Talking of  Derelict London, almost immediately we spotted a rather splendid Ghost Sign saying, we think, ‘Everybody Reads the Daily Express and Sunday Express’ Well, not everyone.

The 297, always busy but not too crowded, takes a northerly direction along Neasden Lane, the only route to do so, thereby passing a range of industrial units and municipal buildings – the Magistrates Court and the Jobcentre, rather a large one on the day when the announcement came that Unemployment is the highest for 16 years. After Neasden Underground Station and copious signs to the Welsh Harp we also passed Brent Ambulance Station. It makes perfect sense to have these semi industrial business units hereabouts in an area squeezed between densely packed railway sidings and getting under the North Circular, which at this juncture is in 3-lane mode.

Once safely under we came down Blackbird Hill and Forty Lane, here doubling up with the Route 83 and others, and passing Brent Town Hall: a very Thirties build and  'The best of the pre-war modern Town Halls around London' (says Pevsner). ‘Serene composition of overlapping brick planes with design links to Dutch modernism of the 1920s. Classic 1930s council chamber’ (says the Brent Council website). So now you know.

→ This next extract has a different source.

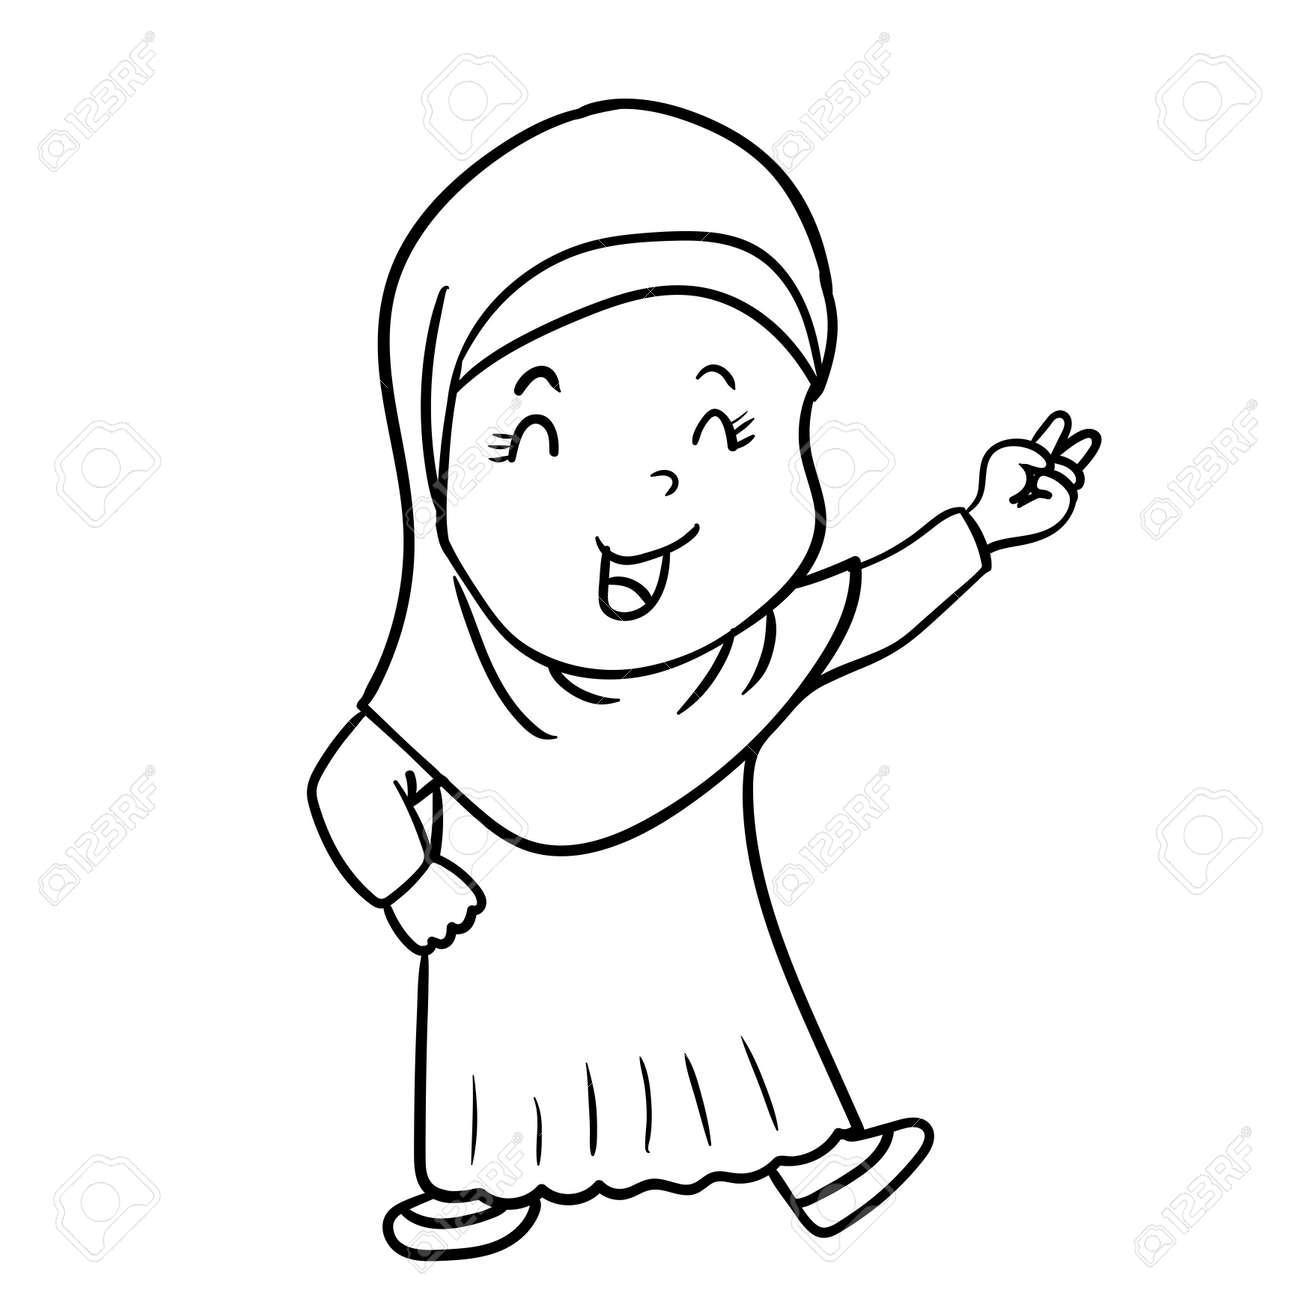 Dessin Dessin Anime Fille Musulmane Avec Signe De La Victoire Isole
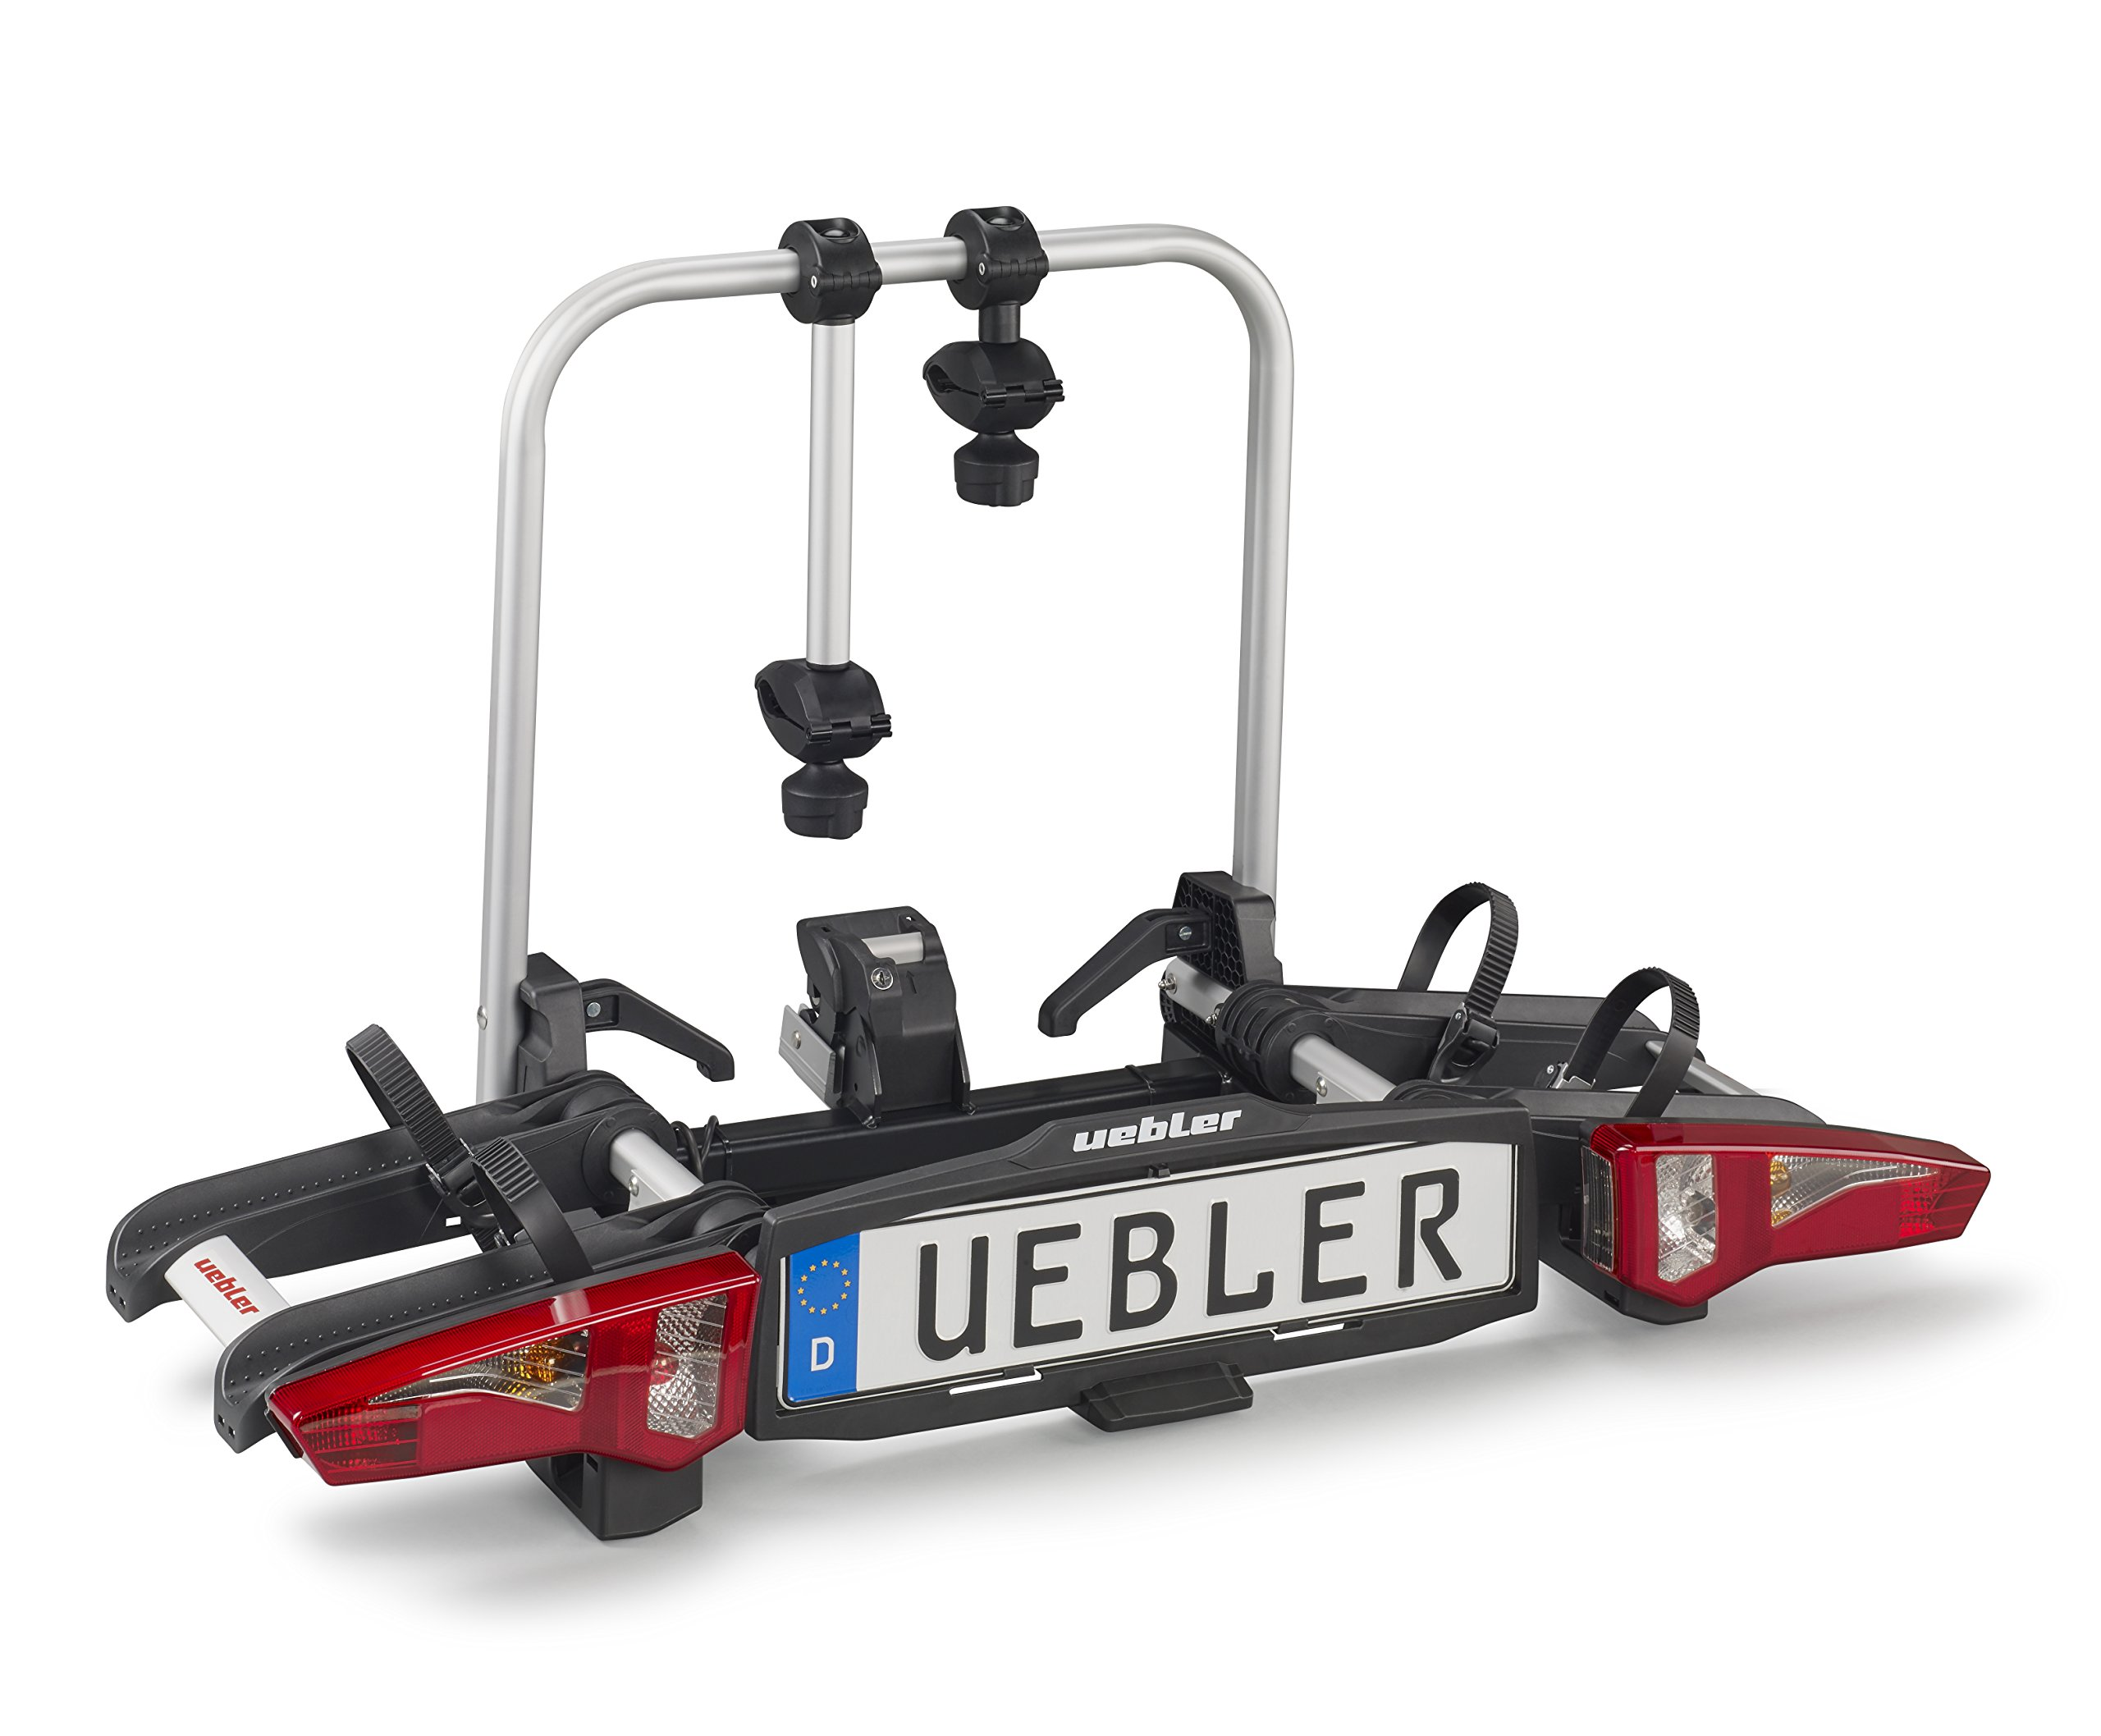 UEBLER Fahrrad Kupplungsträger i21 product image

Oh yes, and a huge Asda. Also, on quite an ordinary house, a Blue Plaque for Arthur Lucan, a Thirties era actor who played ‘Old Mother Riley’ in drag but perhaps not as famous as  the Lord Lucan of disappearing fame. By now we were getting an excellent view of the Wembley Arch seen so much better from afar.

 Empire Way also recalls the previous Wembley Stadium, built for the British Empire Exhibition 1923-4, but today, though we had a good view of the soaring arch it was not quite fully frontal as we were taking a more oblique route up the quite hilly Park Lane which passes the Edward VII Park on the right with terrific views across to Harrow on the Hill.  The raised pavements are a testament to how steep the incline is.

At the top of the hill we nipped nimbly, but never anything other than very smoothly with this driver, along a short stretch of Wembley High Road to turn into Ealing Road direction Alperton. The South Indian restaurants clustered at the start of this turning gradually give way to food shops and a range of excellent clothing shops offering wedding finery, and everything for the modern woman.  Spiritual needs are catered for by the Central Mosque Wembley and the sandstone Temple – usually it glows but does need some sunlight to help it along. There was some scaffolding round the gate so we were not sure if this meant repairs or additions.  

After crossing the Grand Union Canal, along with all other bus routes, we turned into the Alperton Sainsbury’s with its equivalent Chinese supermarket opposite, but exceptionally this route carries straight on, taking a left for Perivale and again taking on passengers as being the only route to come this way. Perivale seemed to be a mixture of more industrial units and some housing along a road that ends in Horsenden Hill, which clearly promises a lot though only glimpsed from the bus. 

Then we did a rather daring little dash alongside and eventually across the fierce A40 to take Argyle Road where the driver waited for some people running for another bus in front of ours. Jo had lost her confidence about naming rivers but I will be brave and say we crossed the River Brent at this point and after following its valley for a while climbed round Pitsanger Park and up Castlebar Hill – more green open spaces.   As is usually the case, the folks with the money live up the hill and this became clear as we passed large detached houses, modern block fill-ins and not a few private schools along street names such as The Knoll and The Mead.

Signs to Ealing Abbey and St Benedict’s School reminded us of less salubrious links to long concealed child abuse, which goes to show that private education and privacy can be mis-used by those in charge.   

St David's  home nearby is also a historic home and caters for a different age group and generation. 

We had set off thinking this was to be a repetition of several of our previous outings in NW London (Neasden/Park Royal/North Middlesex axis) but in fact the 297 offered a back view of Neasden and surprising amounts of greenery for a route that also crosses two of North West London’s key arterial roads. A pleasant contrast to the more challenging 266.  From a westerly start we had come still further west with a northerly dog leg, taking in all about an hour.

By the time we had reached the bottom of the hill, which had shown us a more affluent side to Ealing, Haven Green was in sight and the end of our trip for today.